Landscape Comparison
Graphnosis exists alongside other approaches to persistent AI knowledge. Each makes different tradeoffs:
| | Graphnosis | GBrain (Garry Tan) | MemPalace (Milla Jovovich) | Karpathy Wiki | |---|---|---|---|---| | Representation | Dual-graph (.gai binary) | Markdown files in git | Spatial hierarchy + ChromaDB | Markdown wiki pages | | Conversation memory | Yes (Claude/ChatGPT/Slack) | No | Yes (core feature) | No | | Identity tracking | Auto-extracted person nodes | Manual (people/ dir) | No | Partial (entity pages) | | Contradiction detection | Automated | No | No | LLM lint (manual) | | LLM cost to build | $0 + optional enrichment | ~$5-20/dataset | $0 | ~$10-50/dataset | | Human auditability | Giki pages + audit export | Native (markdown) | Partial | Native (wiki) | | Relationships | Explicit typed edges | Implicit links | Tunnels | Implicit cross-refs | | Persistence | SQLite + .gai files | Git repo | ChromaDB + SQLite | Filesystem |
Where Graphnosis wins: Relationship-aware reasoning, multi-source knowledge fusion, token efficiency, automated contradiction detection.
Where others win: GBrain has native git version control. MemPalace achieves 96.6% retrieval recall R@5 on LongMemEval (different metric than end-to-end QA — see benchmarks.md). Karpathy's pattern produces richer narrative synthesis.

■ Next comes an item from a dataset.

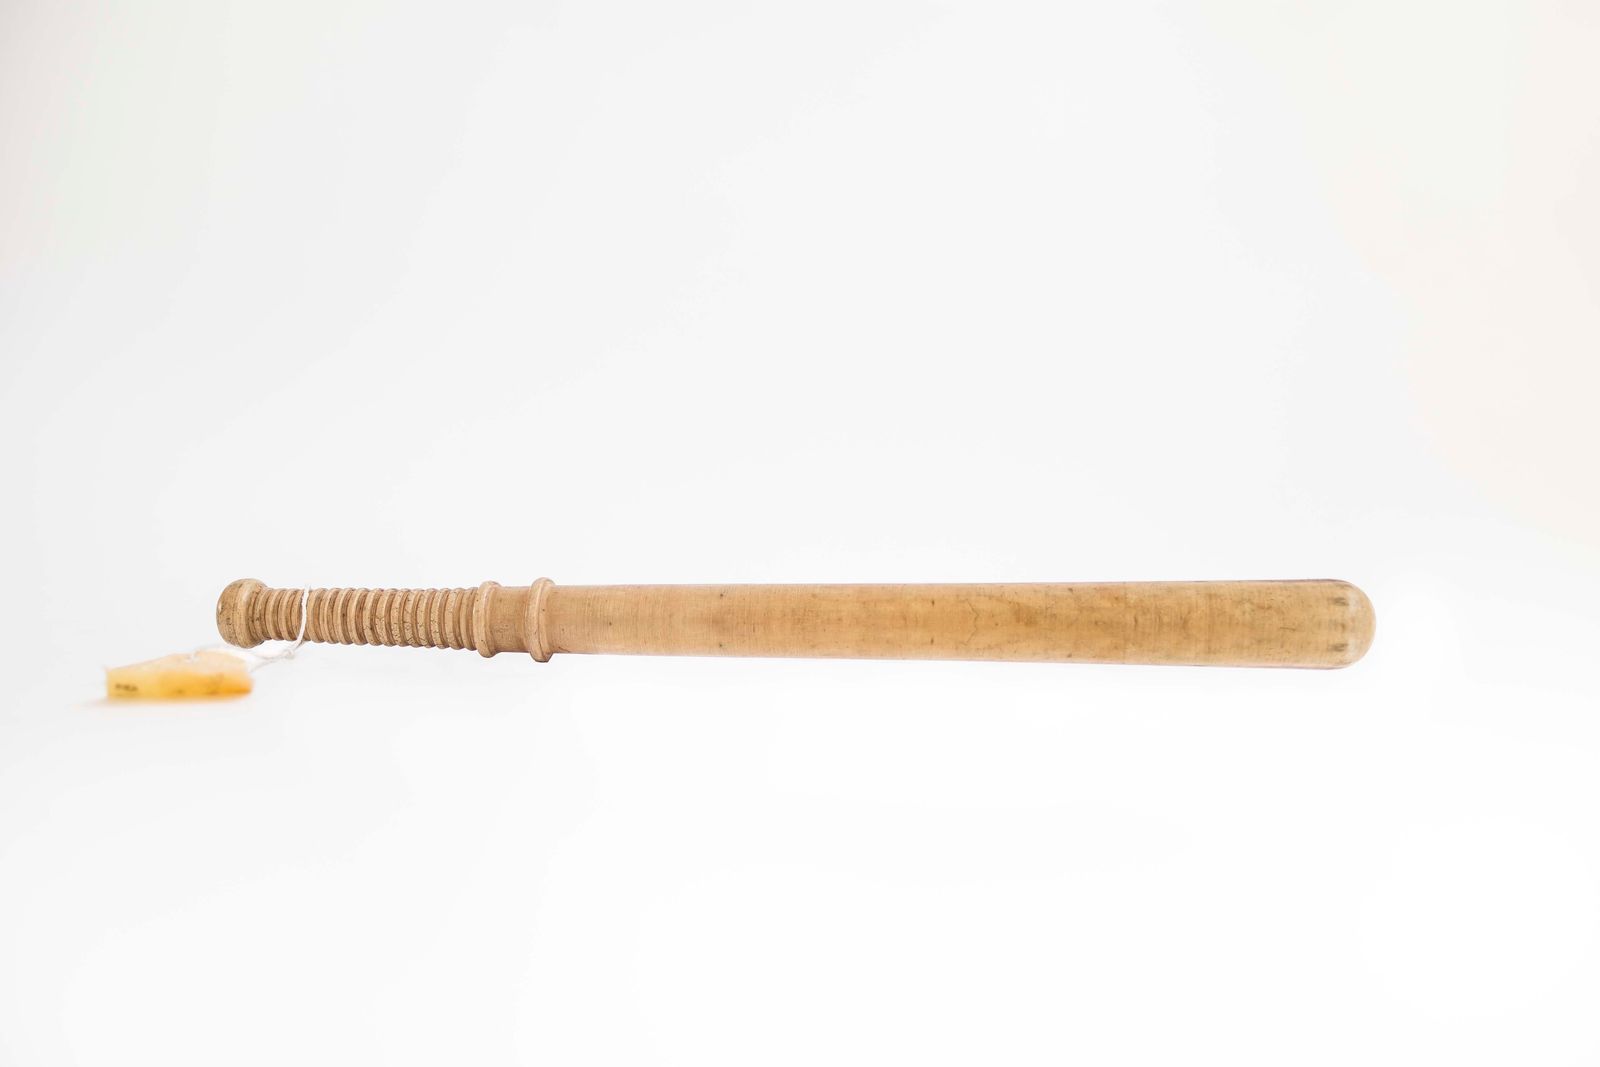 © Amilton Neves Cuna - A wooden bat used for torture by PIDE officers. Now on display at the Museum of the Revolution in Maputo.

They complement each other: MemPalace for conversation memory, GBrain for personal knowledge management, Graphnosis for structured domain knowledge with explicit relationships.
Why This Matters (vs. Standard RAG)
| Aspect | Standard RAG | Graphnosis | |--------|-------------|---------| | Context format | Flat text chunks | Structured subgraph with typed edges | | Relationships | Implicit (AI must infer) | Explicit (edges with types and weights) | | Retrieval | Vector similarity on chunks | Graph traversal + synonym expansion + query decomposition | | Resolution | Fixed chunk size | Hierarchical (zoom in/out via compression levels) | | Dependencies | Requires embedding API | TF-IDF (pure JS, zero API calls for graph construction) | | Memory | Stateless per session | Temporal nodes + conversation ingestion + SQLite persistence | | Corrections | Re-ingest from scratch | In-place edit, supersede, or soft-delete individual nodes | | Auditability | None | Giki pages, audit reports, contradiction detection |
Proof-of-Concept Datasets
All datasets use freely-licensed public content:
| Dataset | Source | License | Result | |---------|--------|---------|--------| | History of Computing | Wikipedia (51 articles) | CC BY-SA 3.0 | 12,199 nodes, 67,578 edges | | Transformer Architecture | arXiv (25 papers) | Open Access | Paper abstracts + metadata | | Next.js Documentation | GitHub (30 pages) | MIT | Markdown docs + code examples | | NASA Mars Missions | api.nasa.gov | Public Domain | Rover data + mission facts |
Performance
Graph Engine
Benchmarked on the Wikipedia dataset (12,199 nodes, 67,578 edges):
- Avg query time: 75ms (seed finding + graph traversal + serialization)
- Avg nodes retrieved: 20 per query
- Avg token estimate: ~2,138 tokens per subgraph context
- Graph construction: ~15 seconds for 51 Wikipedia articles
LongMemEval — Official Benchmark
76.40% end-to-end QA accuracy on the official LongMemEval benchmark (500 questions, gpt-4o answer + gpt-4o judge, hybrid retrieval).
| Category | Score | |---|---| | single-session-user | 95.31% (61/64) | | knowledge-update | 87.50% (63/72) | | single-session-assistant | 87.50% (49/56) | | temporal-reasoning | 71.65% (91/127) | | multi-session | 63.64% (77/121) | | single-session-preference | 43.33% (13/30) |
What got us here:
- Hybrid retrieval: TF-IDF graph traversal + semantic embeddings (text-embedding-3-small)
- Question-type router with category-specific retrieval strategies and prompt blocks
- Session summary nodes (gpt-4o-mini at ingest) for multi-session / temporal / knowledge-update questions
- Query-time preference extraction (gpt-4o-mini) for single-session-preference questions
- Multi-session aggregation routing: strong count-signal captured before temporal/KU patterns
- Aggregation prompt distinguishes additions vs. superseded totals (sum vs. supersede logic)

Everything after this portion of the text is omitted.